2008-07-12

Picturing Networks

This is what a sorting network looks like:

It is a sorting network of width 8 with a minimal number of 19 exchange boxes and 6 parallel stages. Each item to be sorted is represented by a horizontal line, and there are eight of them. Each exchange box is represented by a thicker vertical line between inputs. If the exchange boxes can be scheduled to run in parallel without interference, they are brought closer together, to emphasize grouping. It is not difficult to generate these graphics. I'll emit EPS as it is a simple textual format which Preview in Mac OS X can rasterize readily enough.

As before, a network is an array of pairs of integer indices ij representing an exchange operation between inputs i and j:

type network = (int * int) array

The program will take networks represented in textual format: each exchange box is a pair of integers separated by a colon:

let re_box = Str.regexp "\\([0-9]+\\):\\([0-9]+\\)"

sequences of such boxes are separated by whitespace, commas or colons:

let re_sep = Str.regexp "[\t ]*[,;][\t ]*"
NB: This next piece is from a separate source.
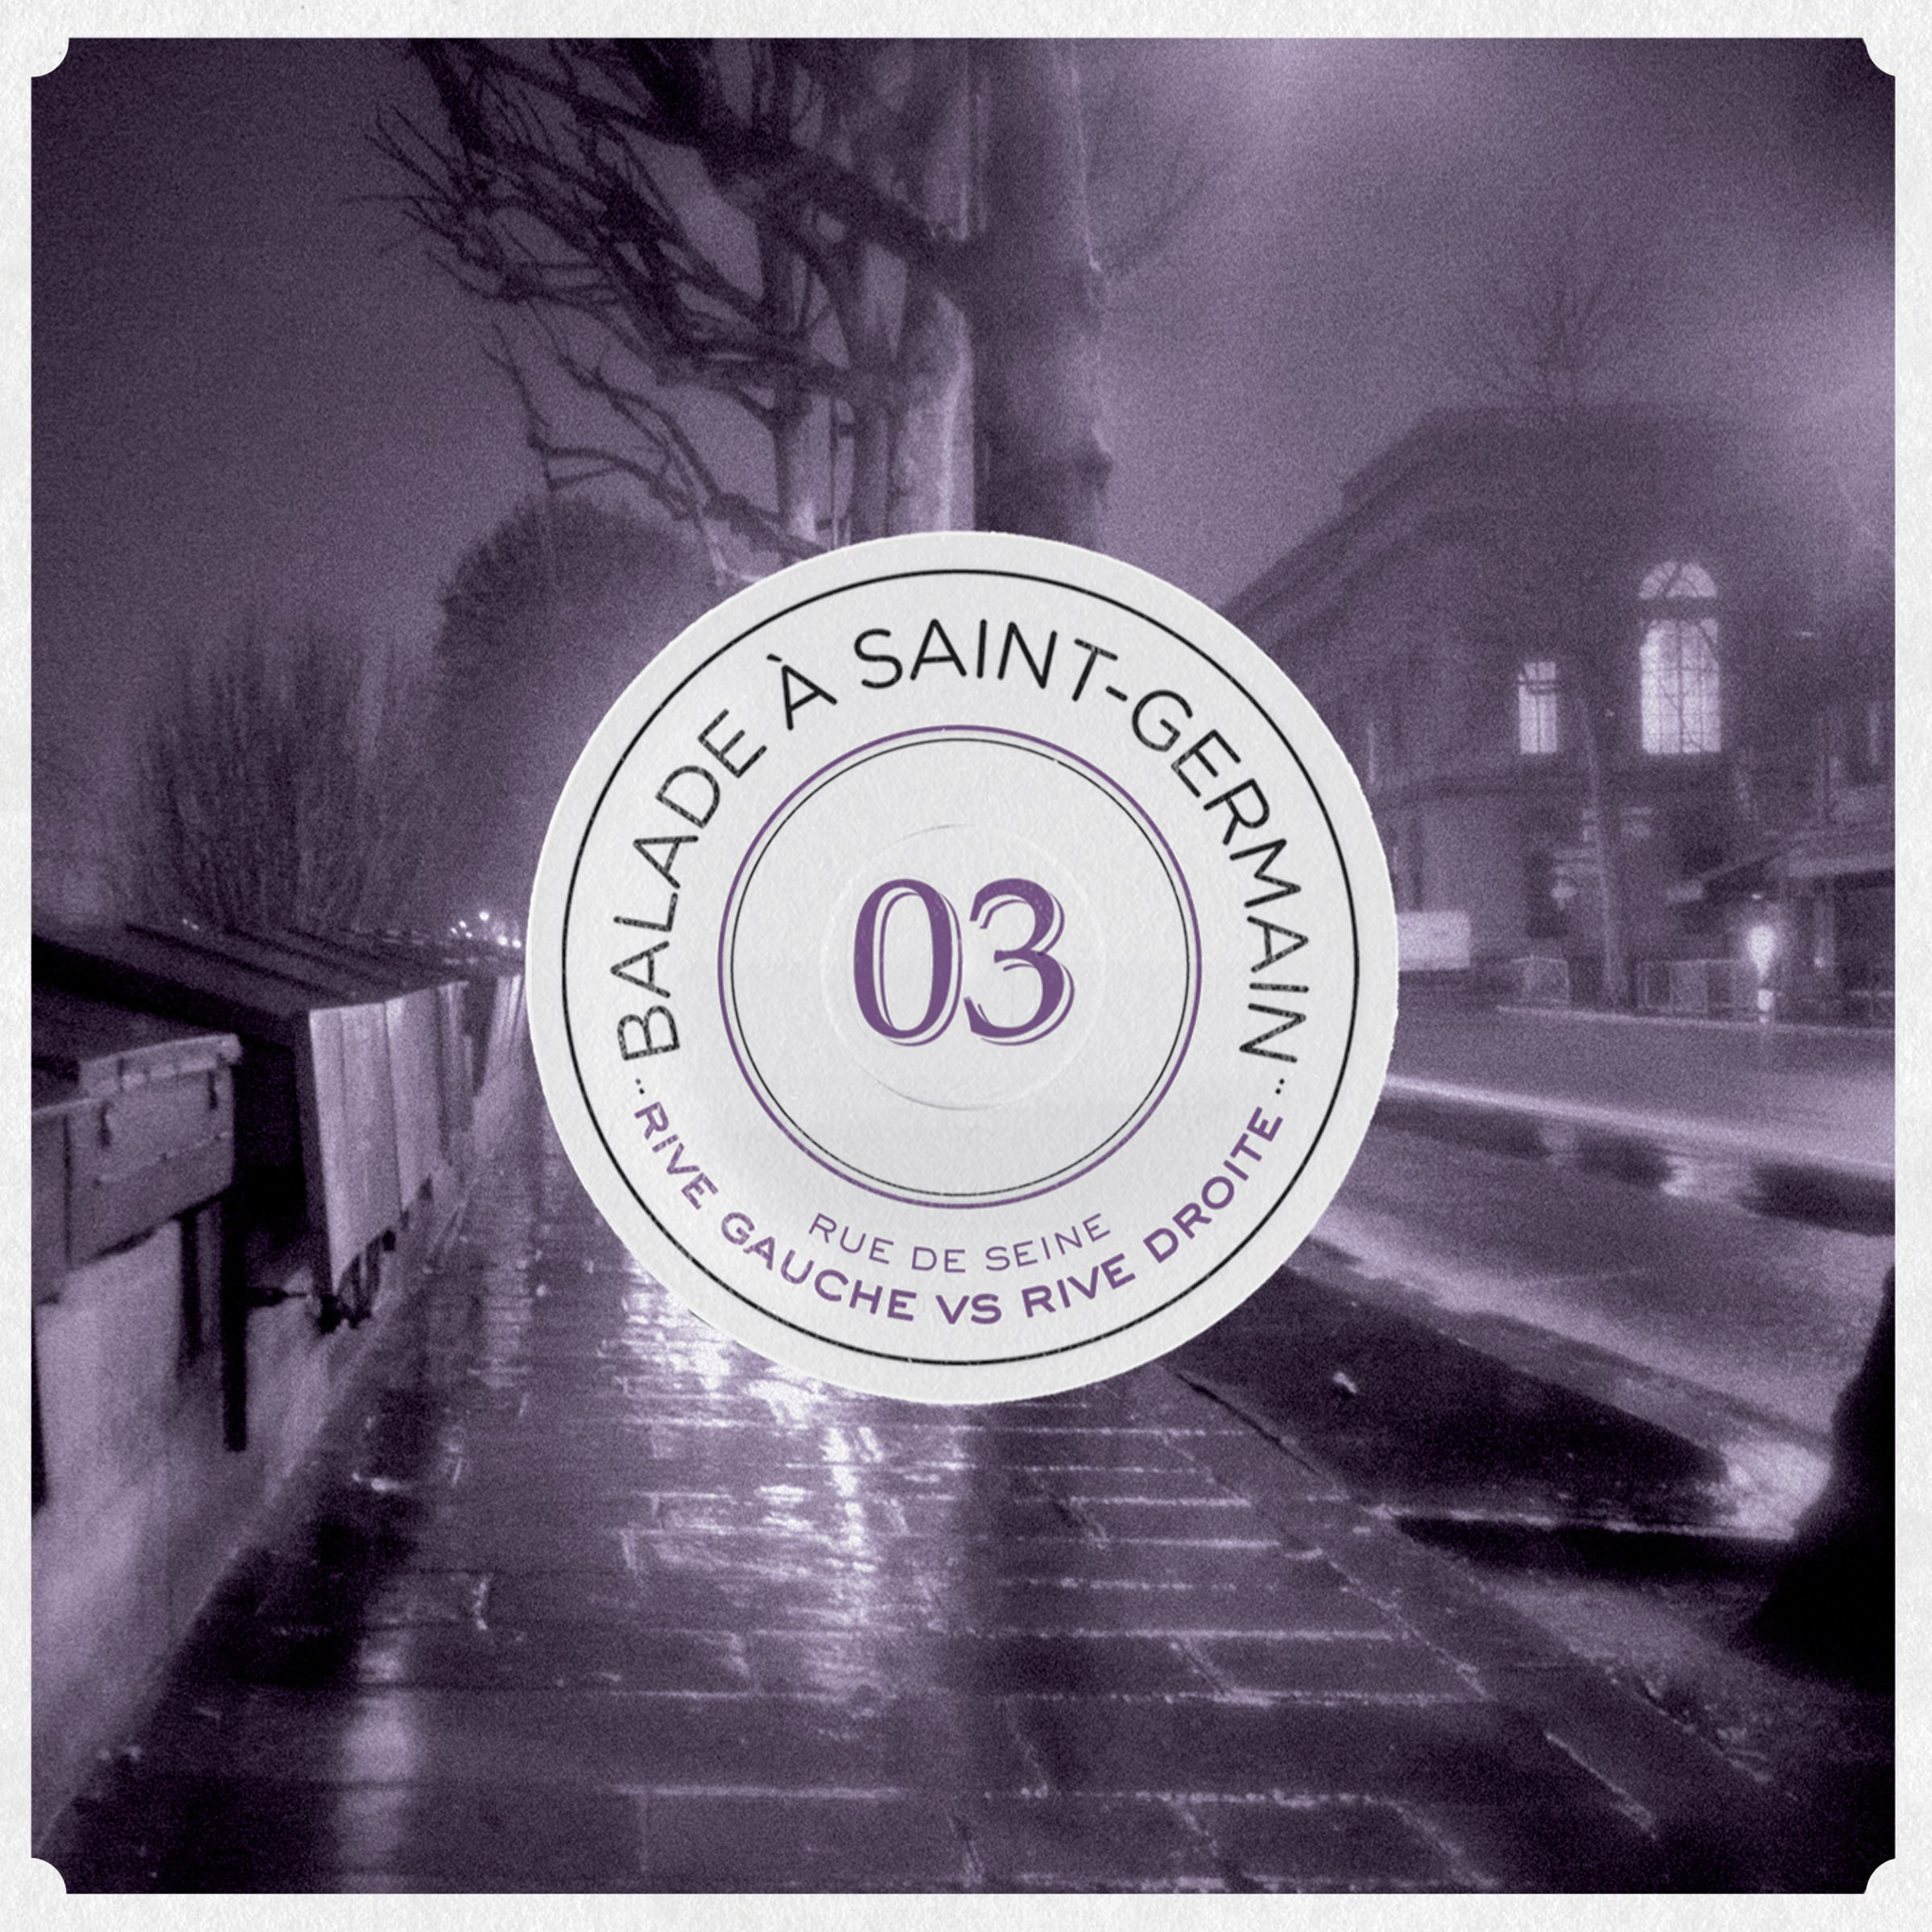 Balade a SaintGermain, vol 3. Rue de Seine: Rive Gauche Vs Rive Droite

A box is parsed with the former, by matching and converting. If the matching succeeds, it is sufficient validation to let me convert both indices to decimal without fear:

let box_of_string s =
  if Str.string_match re_box s 0 then
    let i = int_of_string (Str.matched_group 1 s)
    and j = int_of_string (Str.matched_group 2 s) in
    if i > j then j, i else i, j
  else failwith "malformed exchange box"

Converting an entire network is as simple as splitting the input line according to the latter regular expression, and applying the preceding function to each pair. Afterwards, I count the greatest referenced input line in the network to obtain its width:

let network_of_string s : int * network =
  let l = List.map box_of_string (Str.split re_sep s) in
  succ (List.fold_left (fun width (_, j) -> max width j) 0 l), Array.of_list l

For instance, the above network can be parsed like this:

# network_of_string "4:5,0:6,3:7,1:2;2:5,0:4,1:3,6:7;2:6,3:4,0:1;1:3,5:7,4:6;4:5,2:3;5:6,1:2,3:4" ;;
- : int * network =
(8,
 [|(4, 5); (0, 6); (3, 7); (1, 2); (2, 5); (0, 4); (1, 3); (6, 7); (2, 6);
   (3, 4); (0, 1); (1, 3); (5, 7); (4, 6); (4, 5); (2, 3); (5, 6); (1, 2);
   (3, 4)|])

In order to determine which group of comparators can be scheduled in parallel, I simulate placing them onto wires and "pushing" them as far to the left as previously placed comparators would allow them. The following function abstract this logic into a generic fold, which lets me reuse it in a couple of places without bothering with this logic:

let fold_network f e width (net : network) =
  let bounds = Array.make width 0 in
  fst (Array.fold_left (fun (e, depth) (i, j) ->
    if i == j then (e, depth) else
    let d = max depth (1 + max bounds.(i) bounds.(j)) in
    bounds.(i) <- d; bounds.(j) <- d;
    (f (d > depth) e (i, j), d)) (e, 0) net)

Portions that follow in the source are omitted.